Please don’t read this and think I have some ‘magic formula’ that picks 100% winners that only go up every year.

It’s not about a magic formula. It’s all about investing in high quality businesses trading at fair or better prices for the long-run. I have a systematic way of approaching this investment model, but it isn’t a magic formula that can’t miss.

Second, my investment in McDonald’s is not over. It could go up or down over the next year; I don’t know (and quite frankly I don’t care).

As an investor with a long time horizon, what matters is that McDonald’s keeps compounding its intrinsic per-share value over the long run. Around 2 years is not a long-term investment.

With that out of the way, back to why McDonald’s was recommended…
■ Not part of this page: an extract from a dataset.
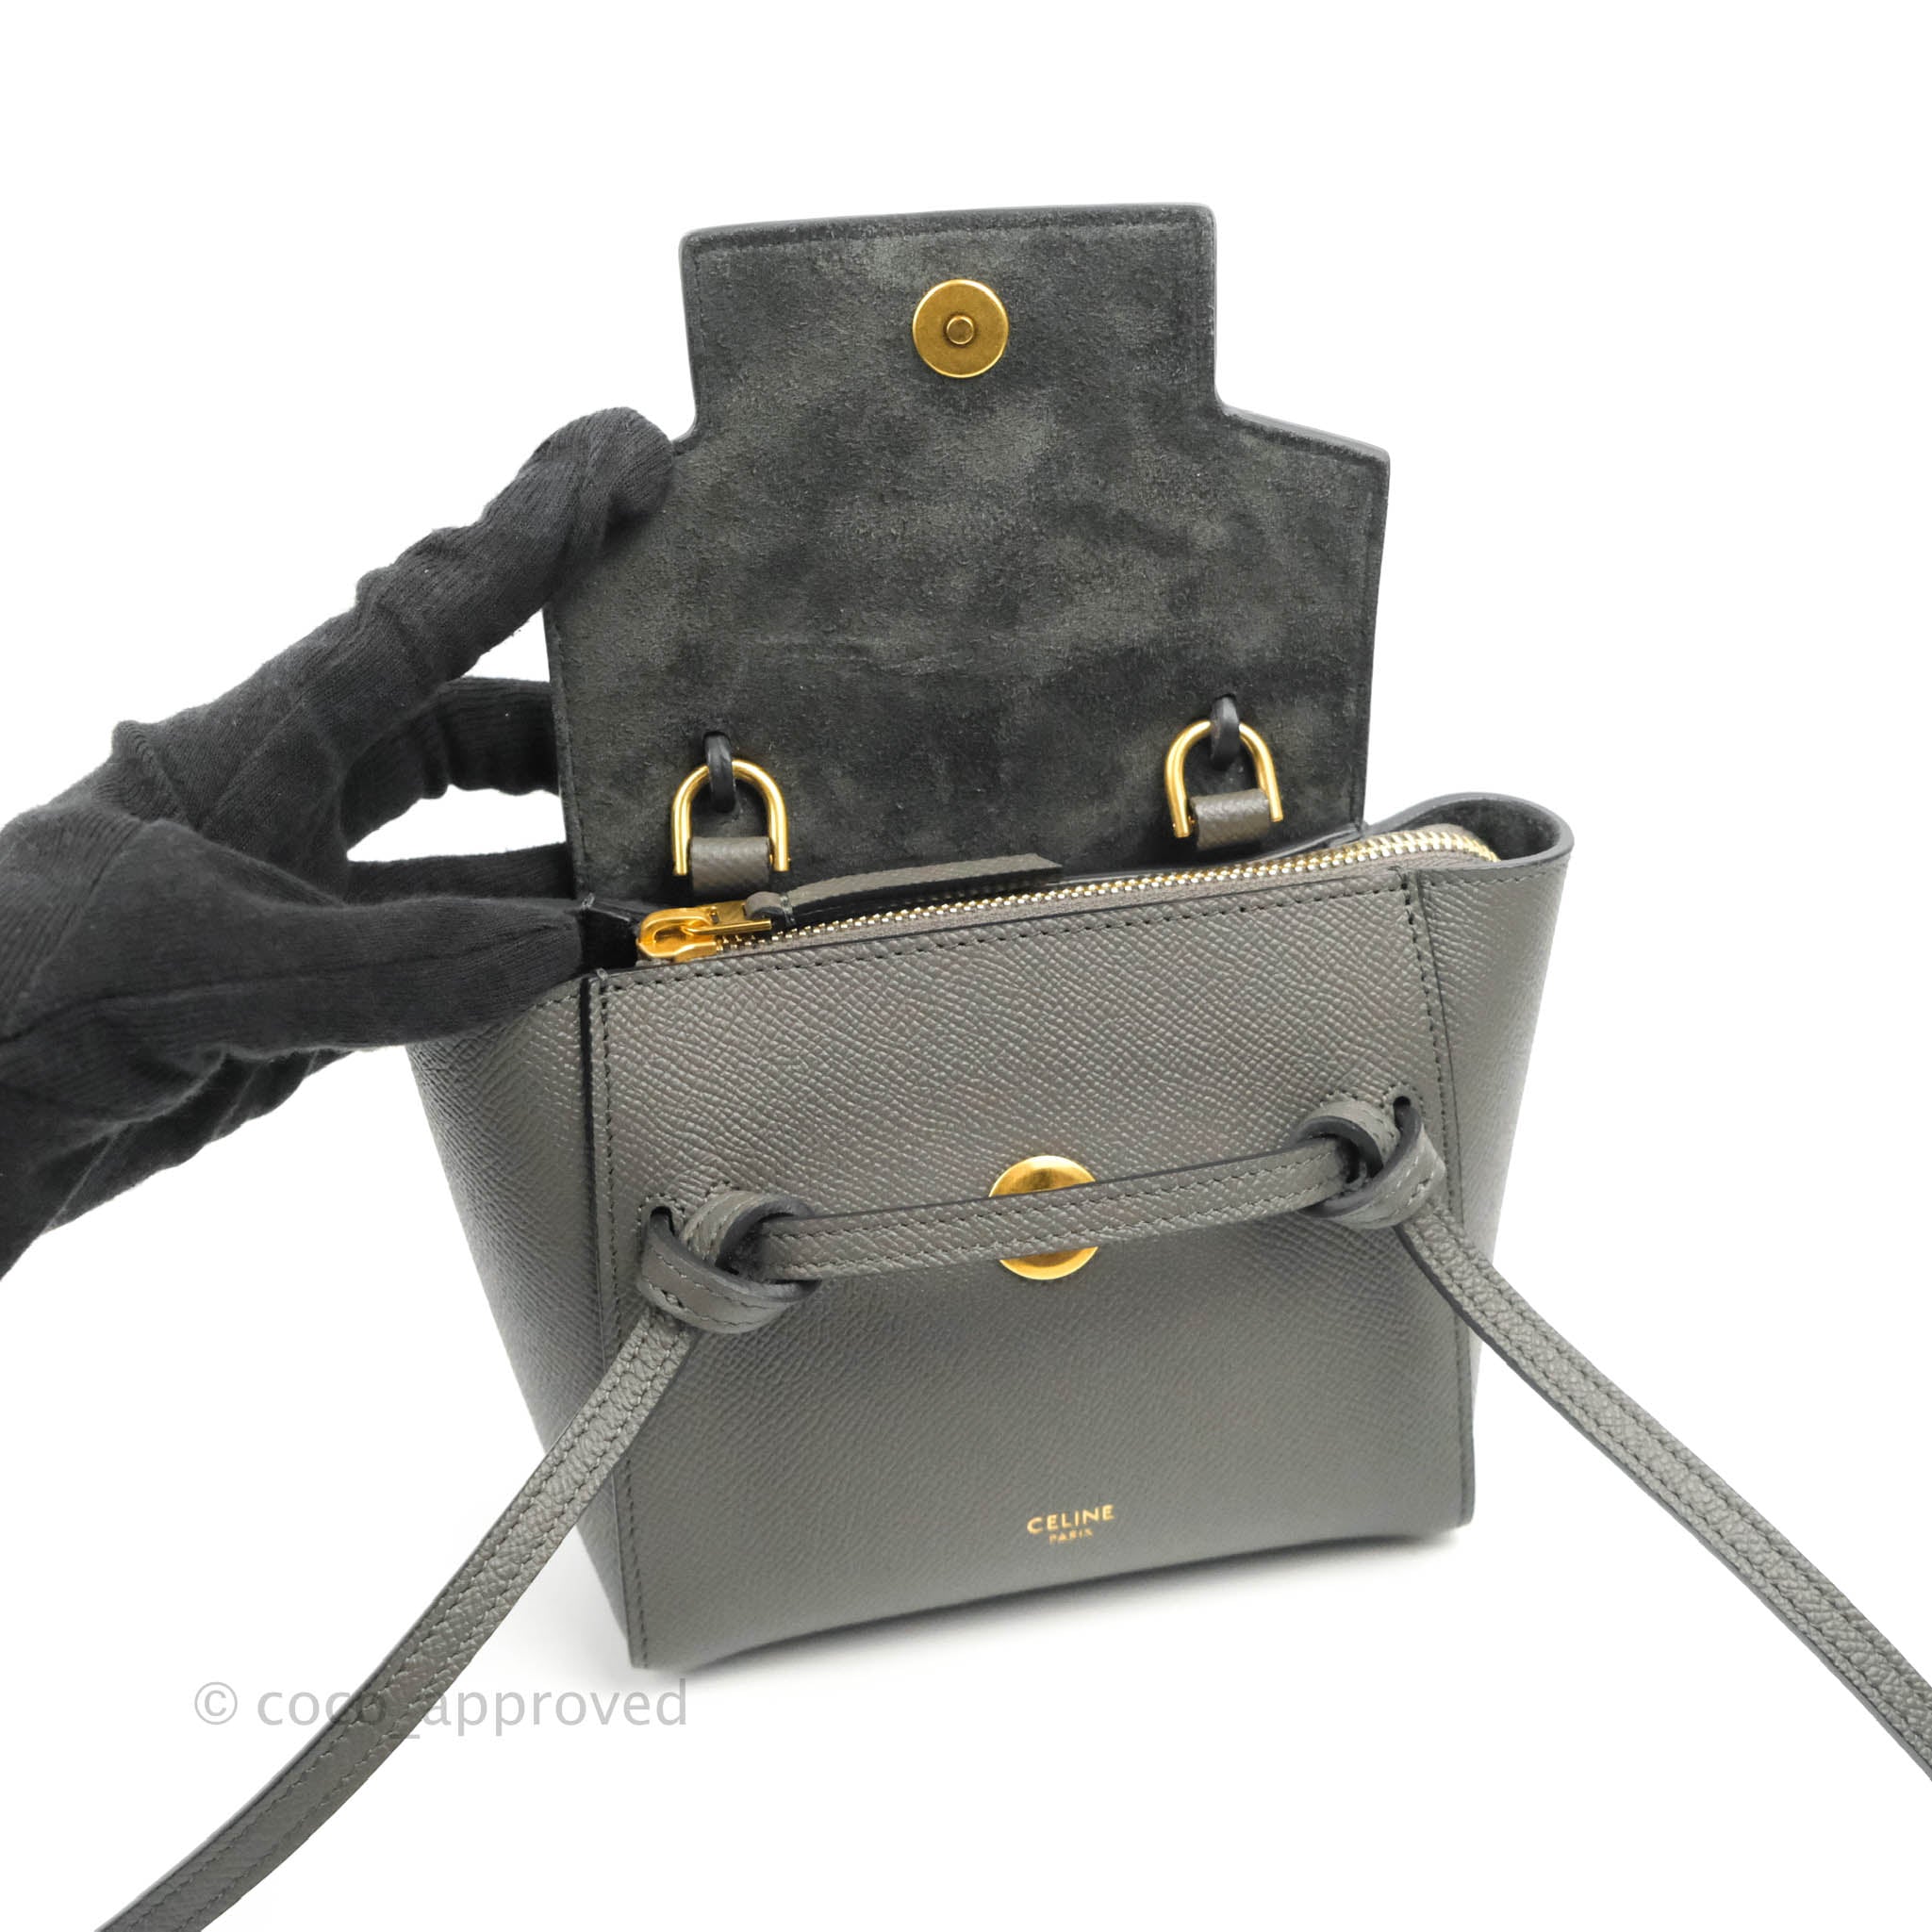 Celine Pico Belt Bag : r/handbags

The 8 Rules of Dividend Investing identifies and ranks high quality dividend growth stocks trading at fair or better prices. The ‘Buy’ identification and ranking criteria are below:

1. 25+ years of dividend payments without a reduction required

2. The higher the dividend yield, the better

3. The lower the payout ratio, the better

4. The faster the growth rate, the better

5. The lower the stock price standard deviation, the better

I didn’t select these metrics out of a hat… They are all based on research that shows each metric has historically either reduced risk or increased returns.

Rule 1 Analysis:  McDonald’s Amazing Dividend History

McDonald’s had 38 consecutive years of dividend increases when it was recommended. The company was (and still is) a Dividend Aristocrat.

Dividend Aristocrats are stocks with 25+ years of consecutive dividend increases. You can see all 50 Dividend Aristocrats here.

The Dividend Aristocrats Index has outperformed the market by about 3 percentage points a year over the last decade, according to S&P.

The 1st rule of The 8 Rules of Dividend Investing is:

“Invest only in stocks with 25 or more years of dividend payments without a reduction.”

This includes all Dividend Aristocrats. The rule is a bit more inclusive than the Dividend Aristocrats rule. Even so, it only allows in businesses with a  very long history of paying consistent dividends.

This limits Sure Dividend’s investable universe to only shareholder friendly businesses with long dividend histories.  When you are selecting from a pool of (likely) great businesses, it is harder to make mistakes.

McDonald’s Corporation (NYSE:MCD) clearly passed the dividend test. The company has an excellent track record of dividend growth.

Why have Dividend Aristocrats outperformed by so much?

I believe that long dividend histories are proof of something else…

Namely, a strong and durable competitive advantage.

“The key to investing is not assessing how much an industry is going to affect society, or how much it will grow, but rather determining the competitive advantage of any given company and, above all, the durability of that advantage.”
Warren Buffett

For a business to pay stable or growing dividends for 2 and a half decades, it must have (or at least recently had) a strong and durable competitive advantage.